*Recorded information*:
▬▬▬▬▬▬

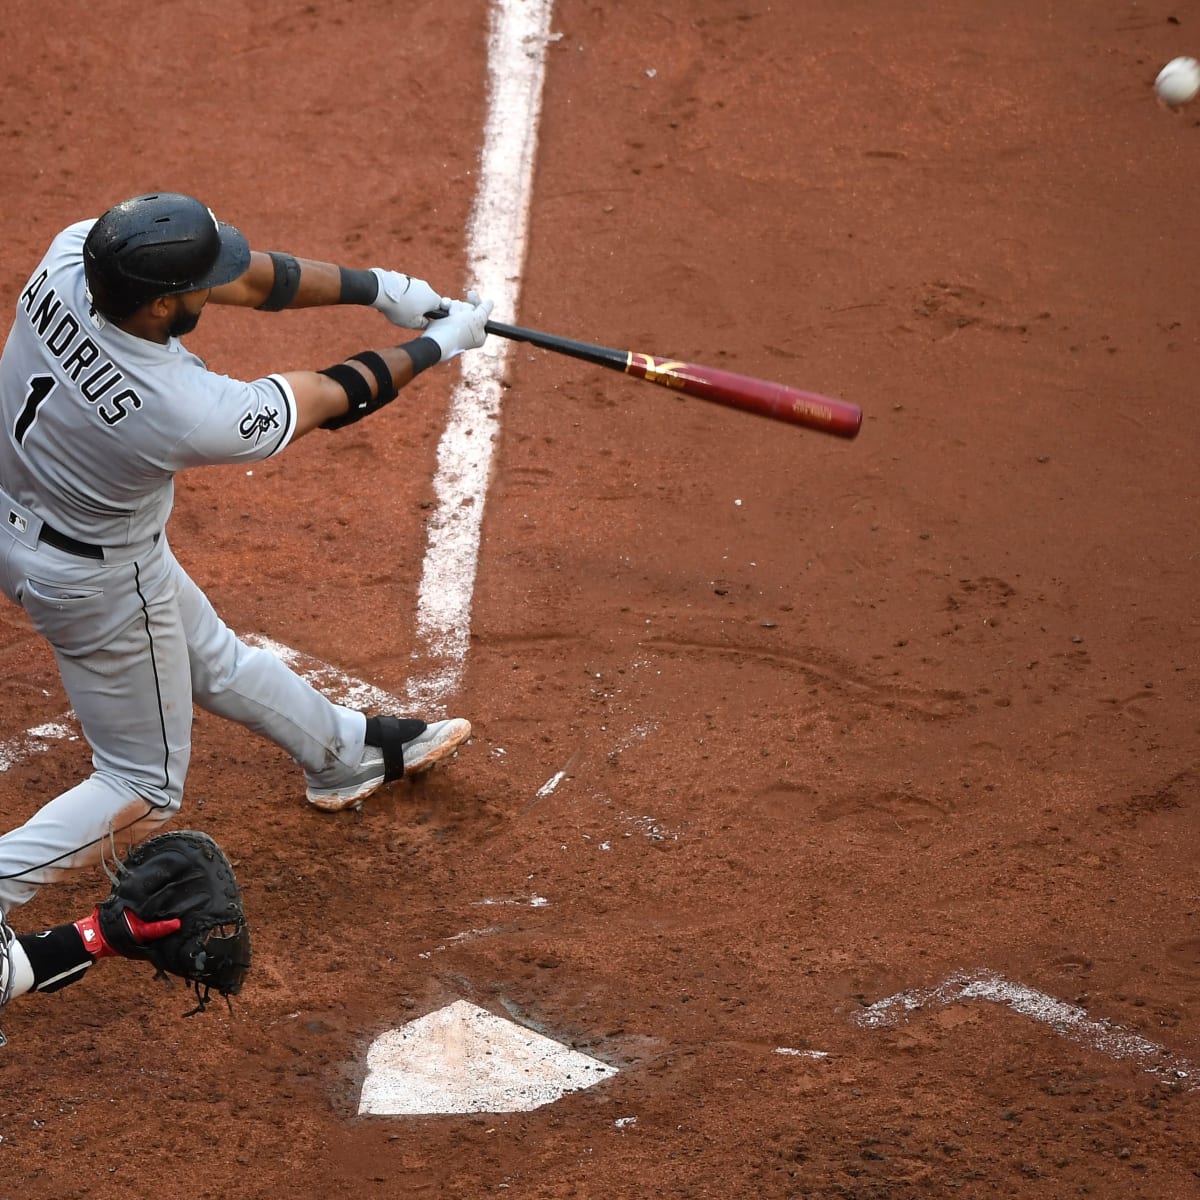 White Sox beat Red Sox 3-2 in rain-shortened game
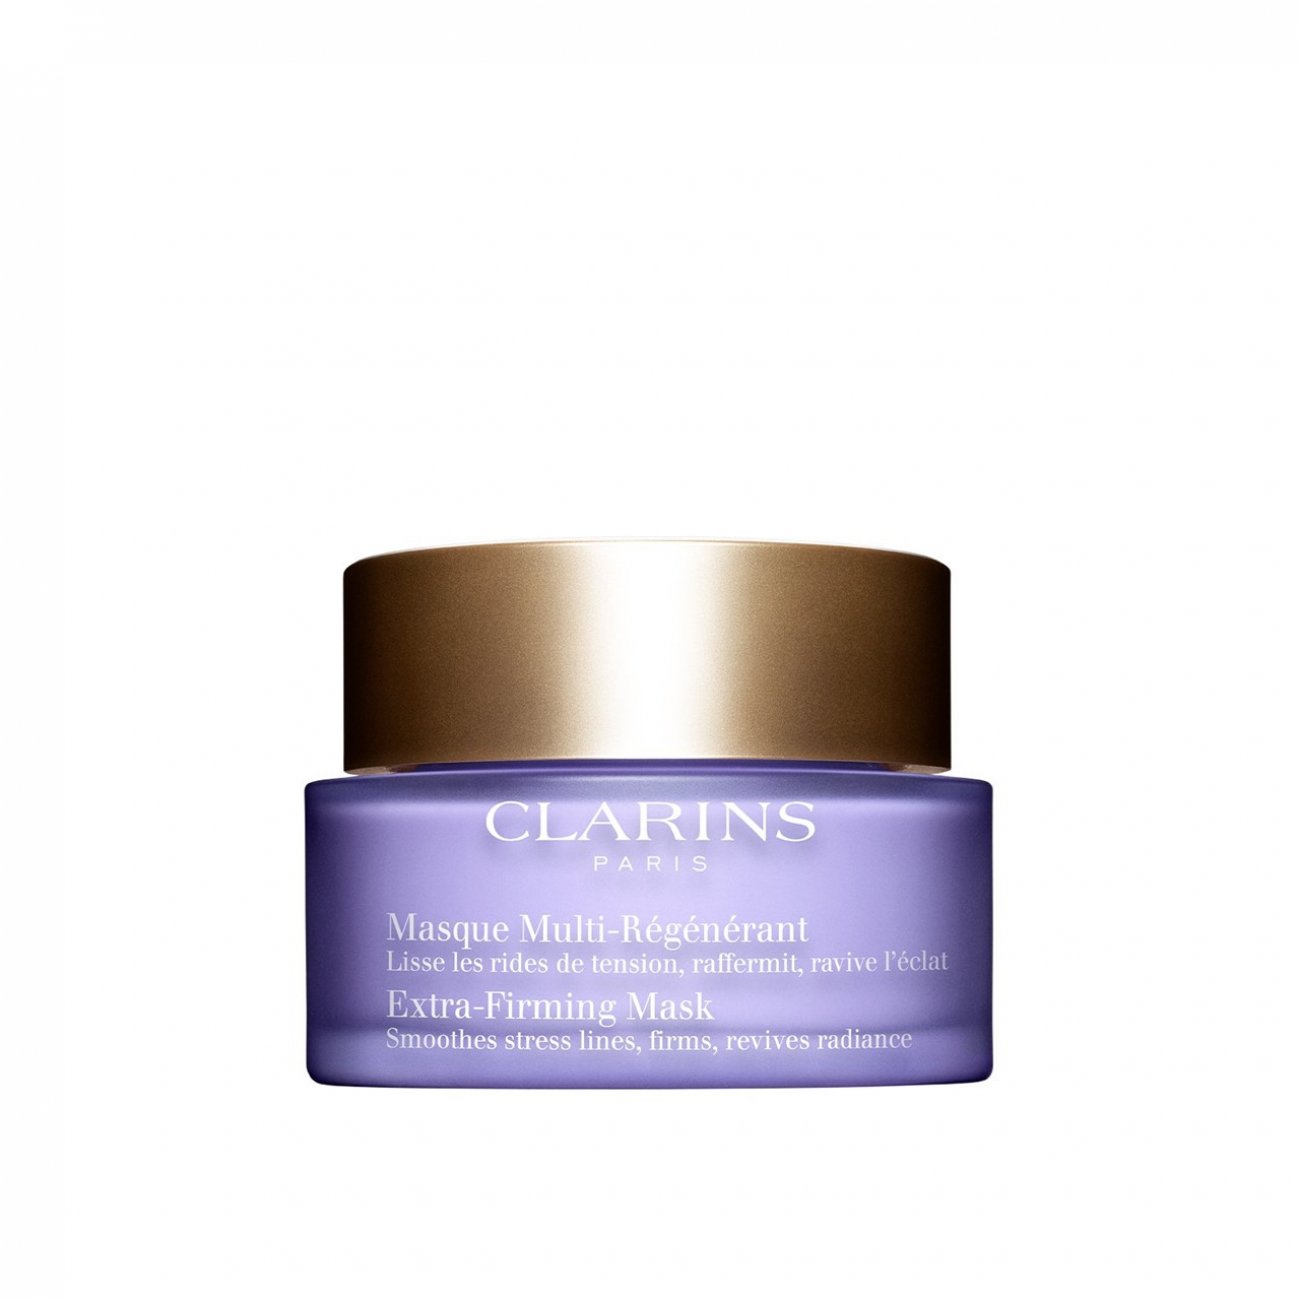 handle apt værdighed Buy Clarins Extra-Firming Mask 75ml (2.5 oz) · USA
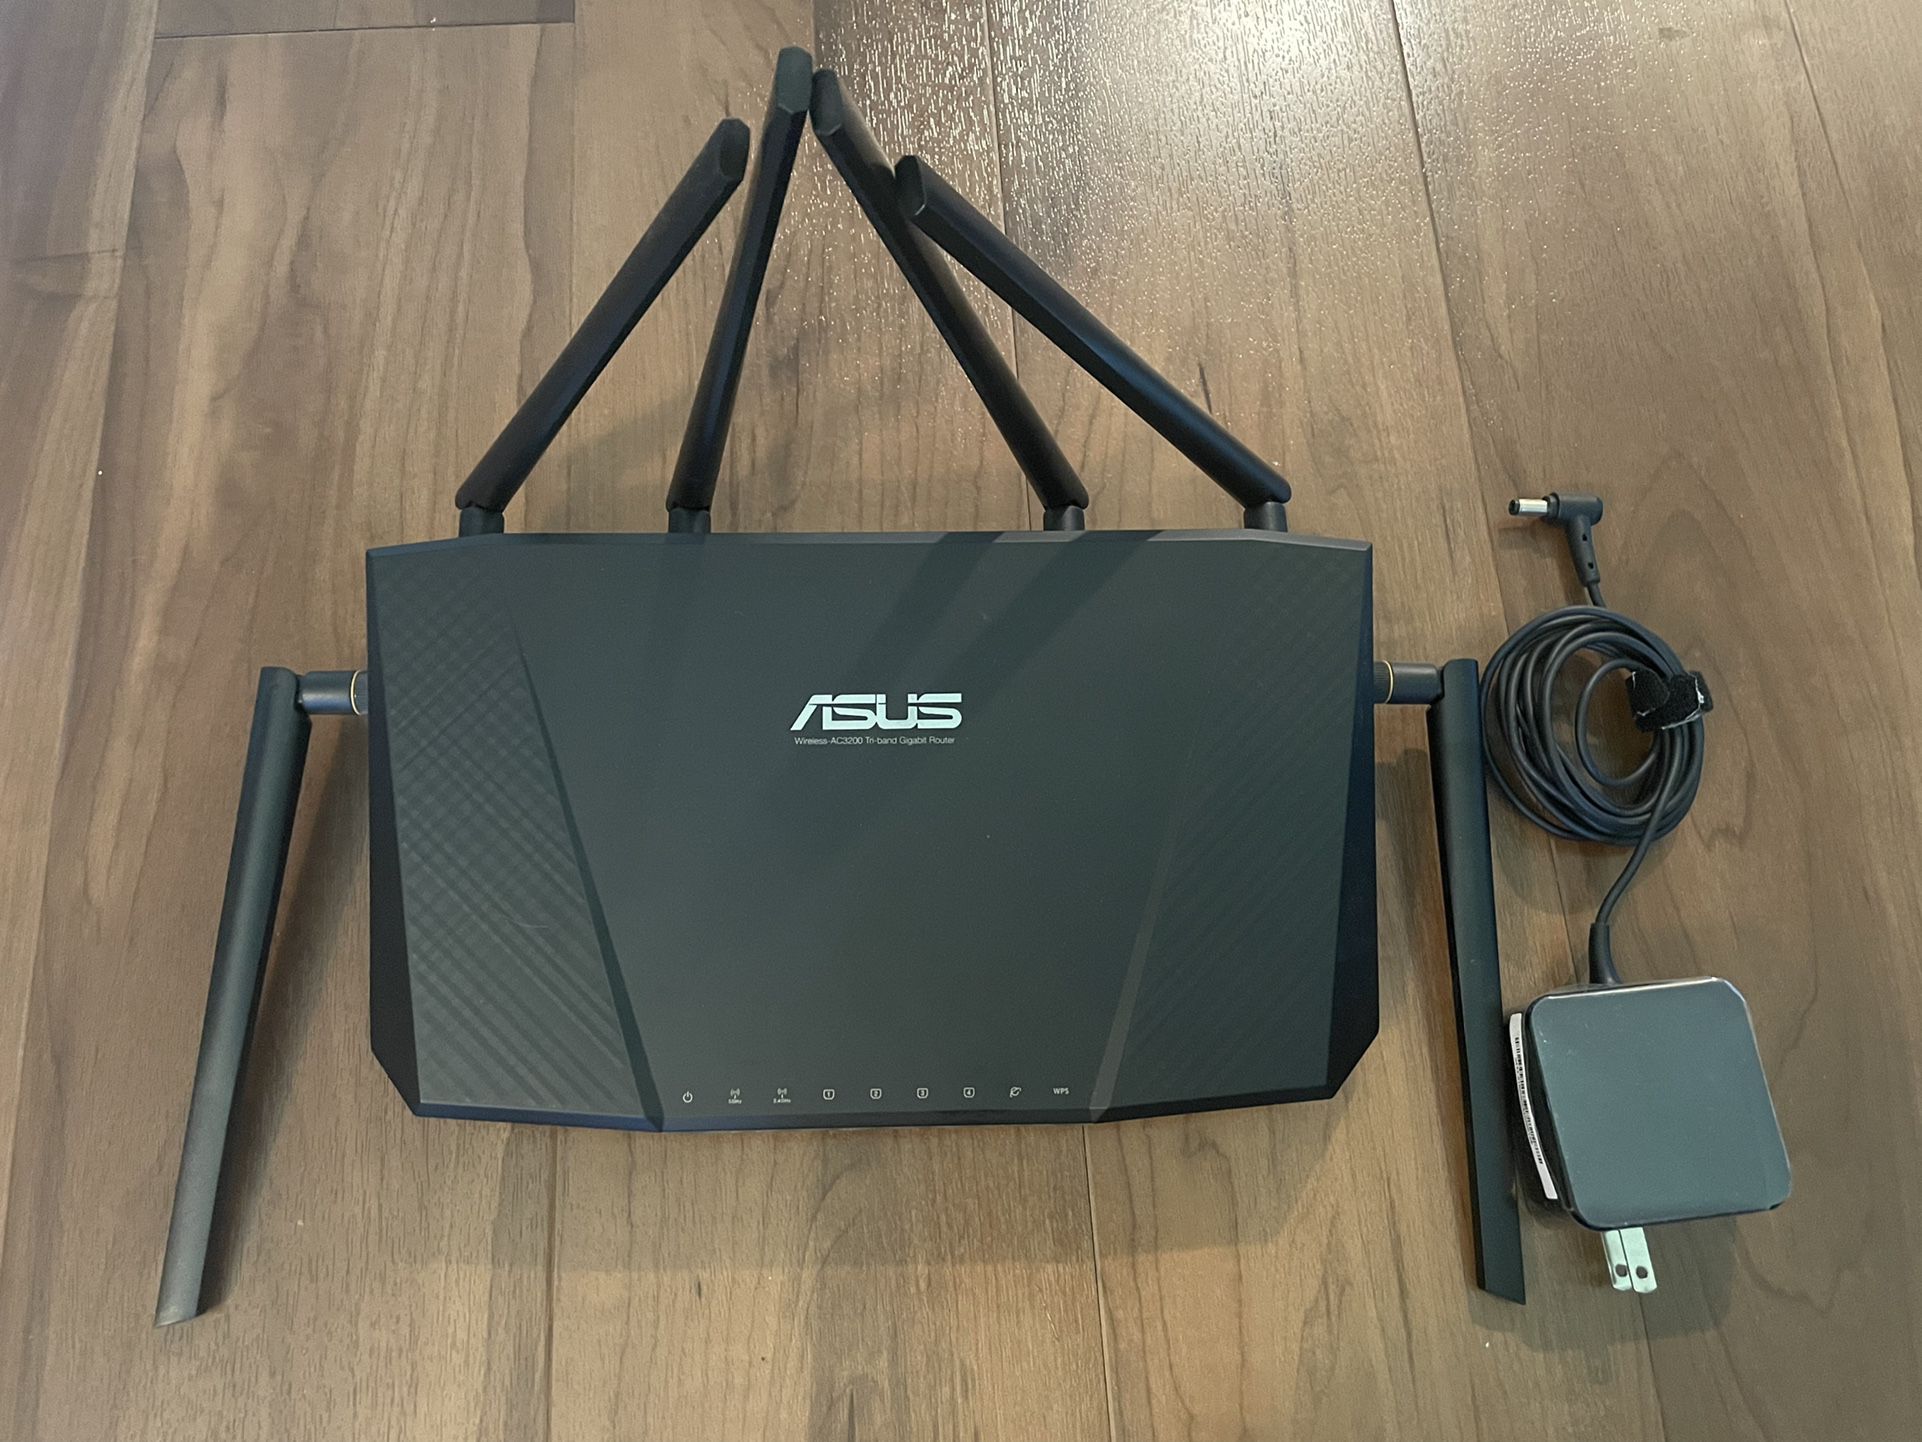 ASUS Wireless AC3200 Tri-band Gigabit Router 
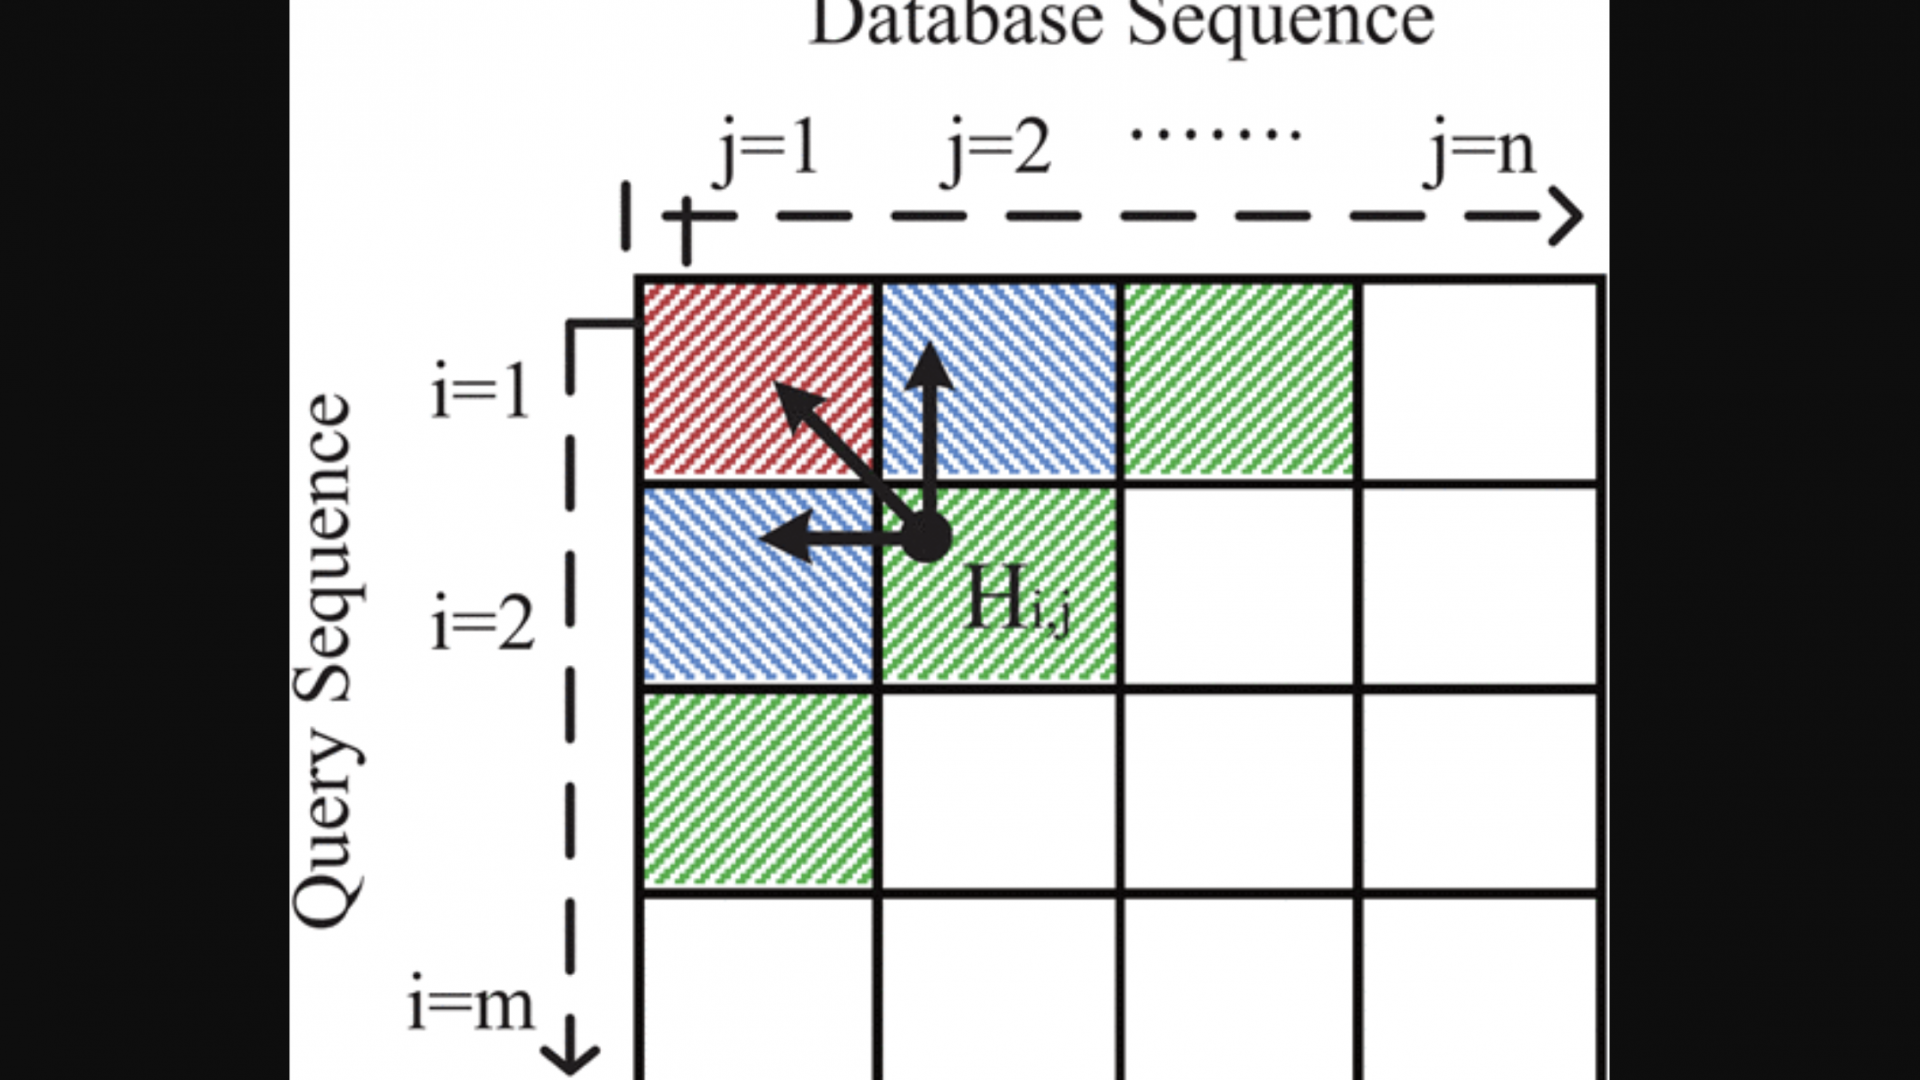 An adaptive hybrid multiprocessor technique for bioinformatics sequence alignment

▬▬▬▬▬▬

*The problem*: Leaving the pictures out, set down all of the data again exactly.

*Answer to this task*:
 White Sox beat Red Sox 3-2 in rain-shortened game
 handle apt værdighed Buy Clarins Extra-Firming Mask 75ml (2.5 oz) · USA
 ASUS Wireless AC3200 Tri-band Gigabit Router 
 An adaptive hybrid multiprocessor technique for bioinformatics sequence alignment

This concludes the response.